With no arguments, rs transposes its input, and assumes one array entry per input line unless the first non-ignored line is longer than the
display width. Option letters which take numerical arguments interpret a missing number as zero unless otherwise indicated.
EXAMPLES
The rs utility can be used as a filter to convert the stream output of certain programs (e.g., spell, du, file, look, nm, who, and wc(1))
into a convenient ``window'' format, as in
% who | rs
This function has been incorporated into the ls(1) program, though for most programs with similar output rs suffices.

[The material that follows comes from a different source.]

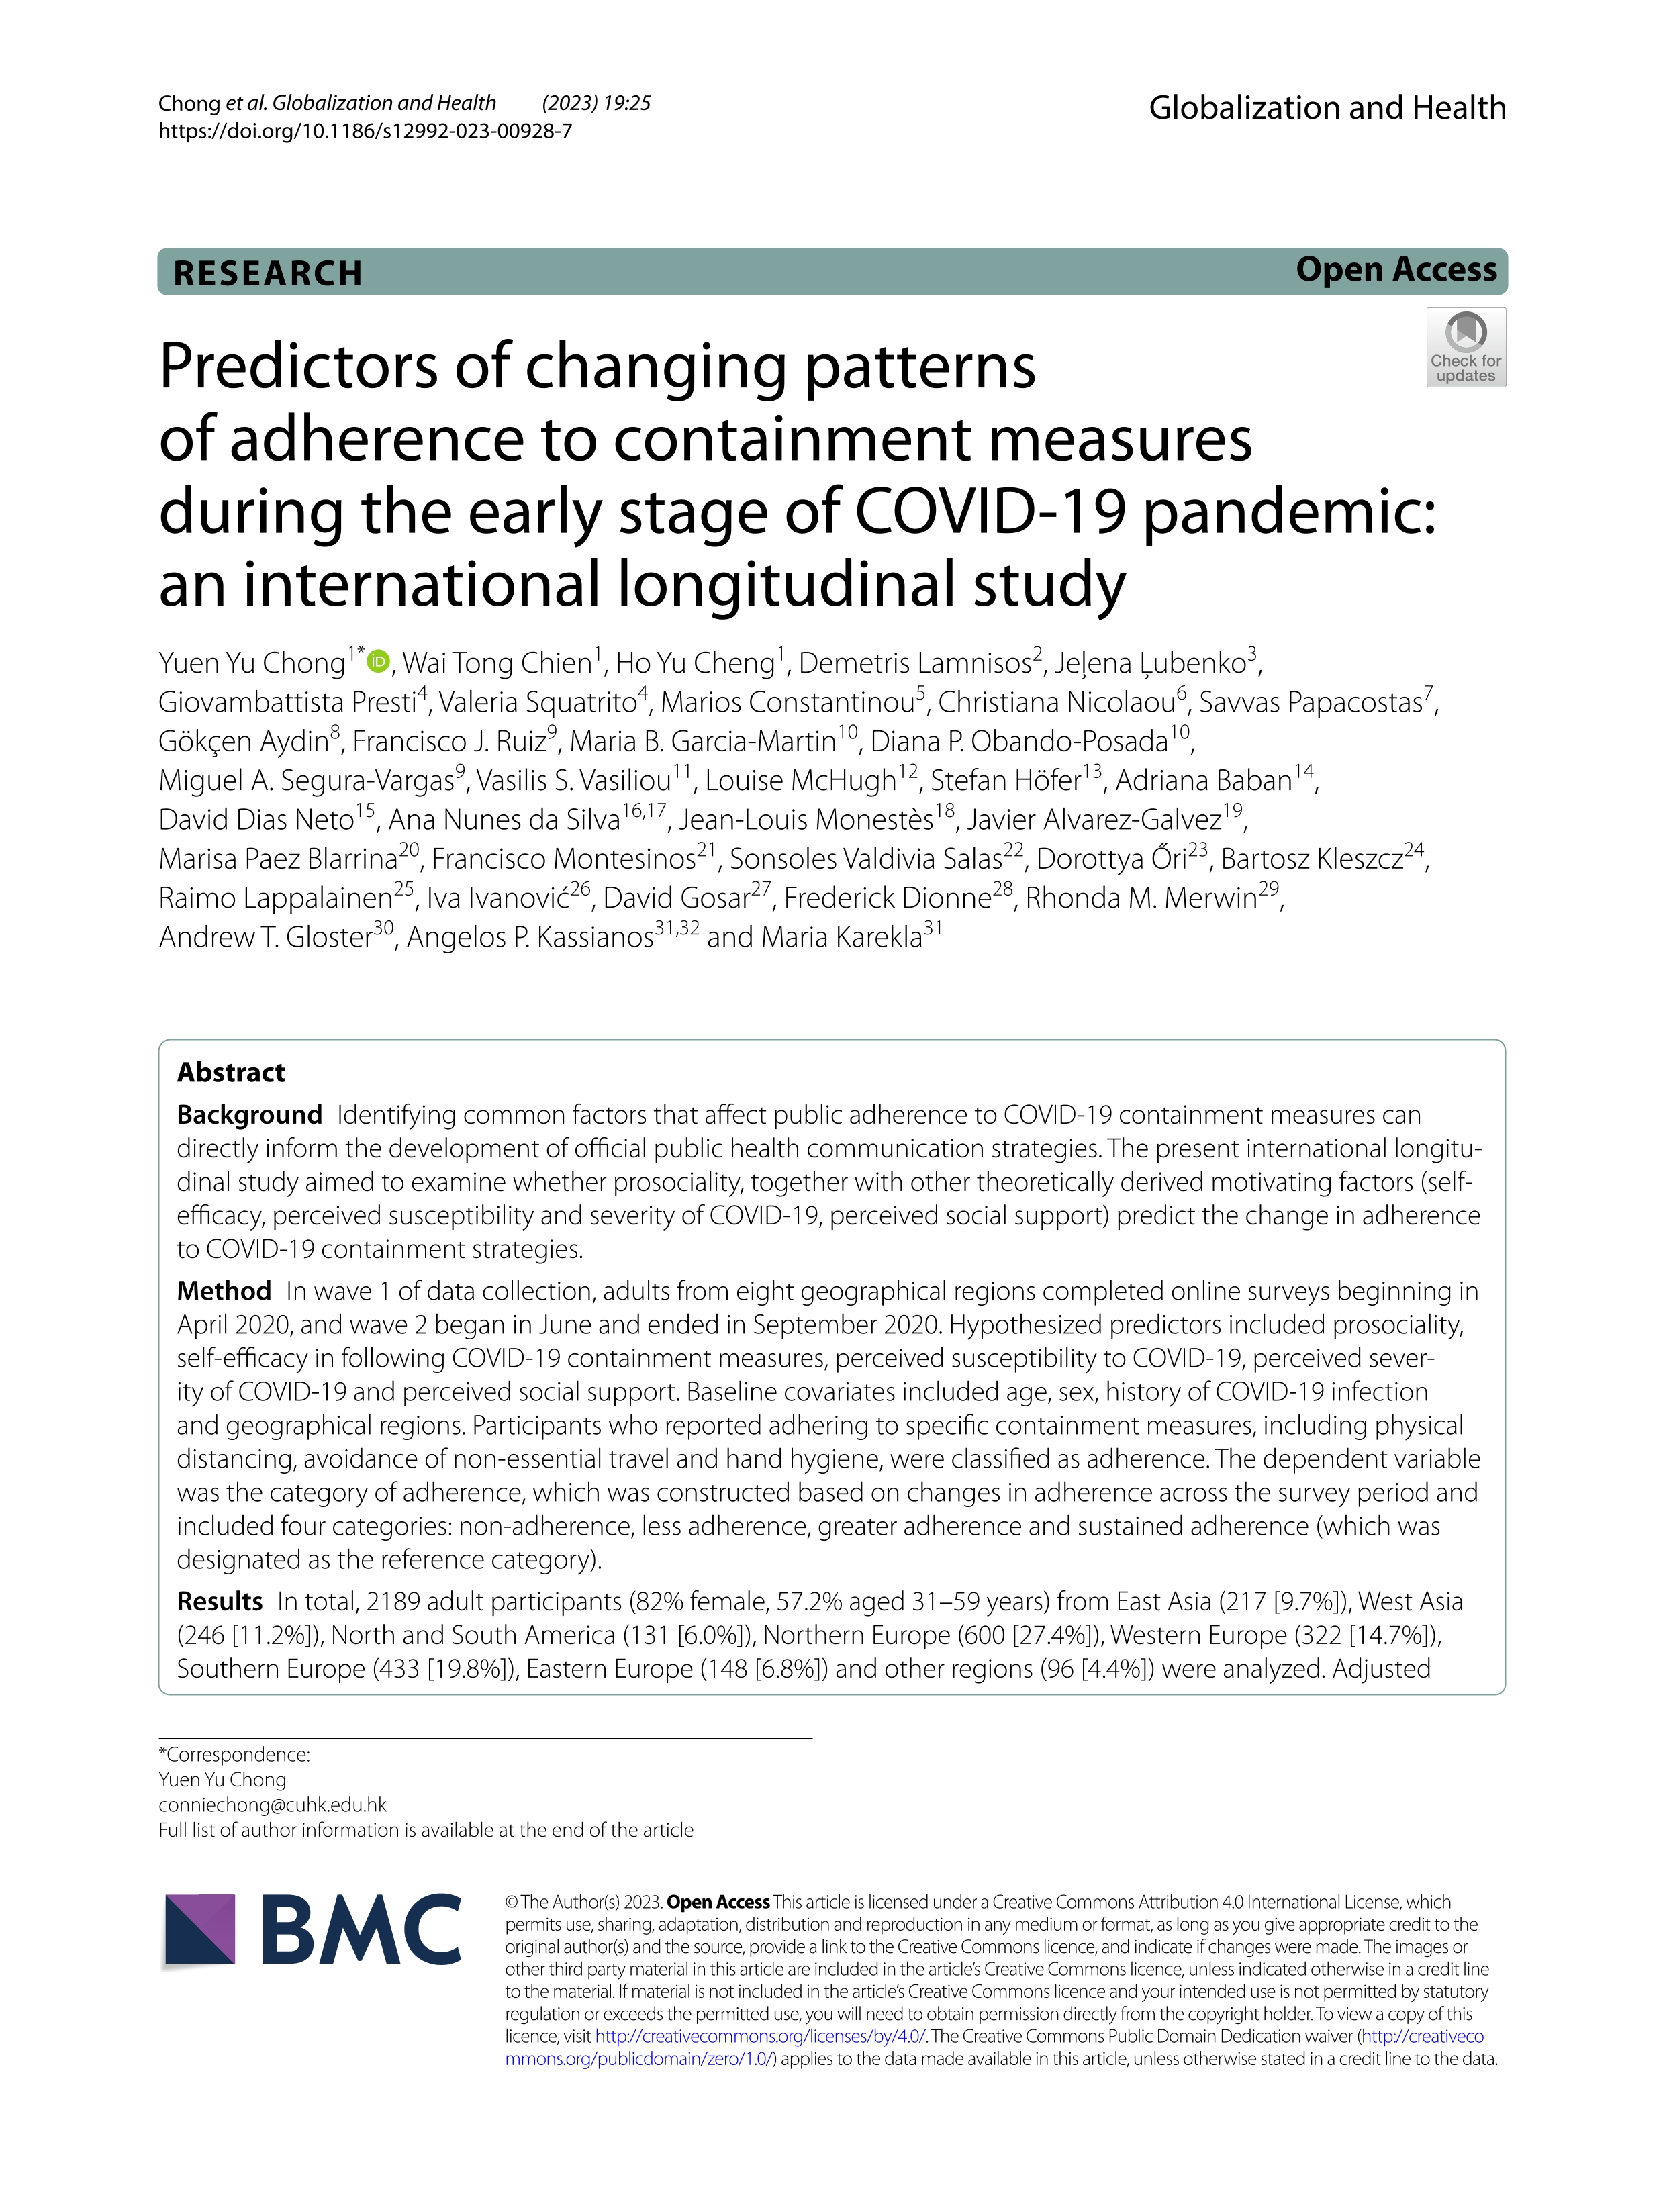 Predictors of changing patterns of adherence to containment measures during the early stage of COVID-19 pandemic: an international longitudinal study

To convert stream input into vector output and back again, use
% rs 1 0 | rs 0 1
A 10 by 10 array of random numbers from 1 to 100 and its transpose can be generated with
% jot -r 100 | rs 10 10 | tee array | rs -T > tarray
In the editor vi(1), a file consisting of a multi-line vector with 9 elements per line can undergo insertions and deletions, and then be
neatly reshaped into 9 columns with
:1,$!rs 0 9
Finally, to sort a database by the first line of each 4-line field, try
% rs -eC 0 4 | sort | rs -c 0 1
SEE ALSO
jot(1), pr(1), sort(1), vi(1)
BUGS
Handles only two dimensional arrays.
The algorithm currently reads the whole file into memory, so files that do not fit in memory will not be reshaped.
Fields cannot be defined yet on character positions.
Re-ordering of columns is not yet possible.
There are too many options.
BSD
December 30, 1993 BSD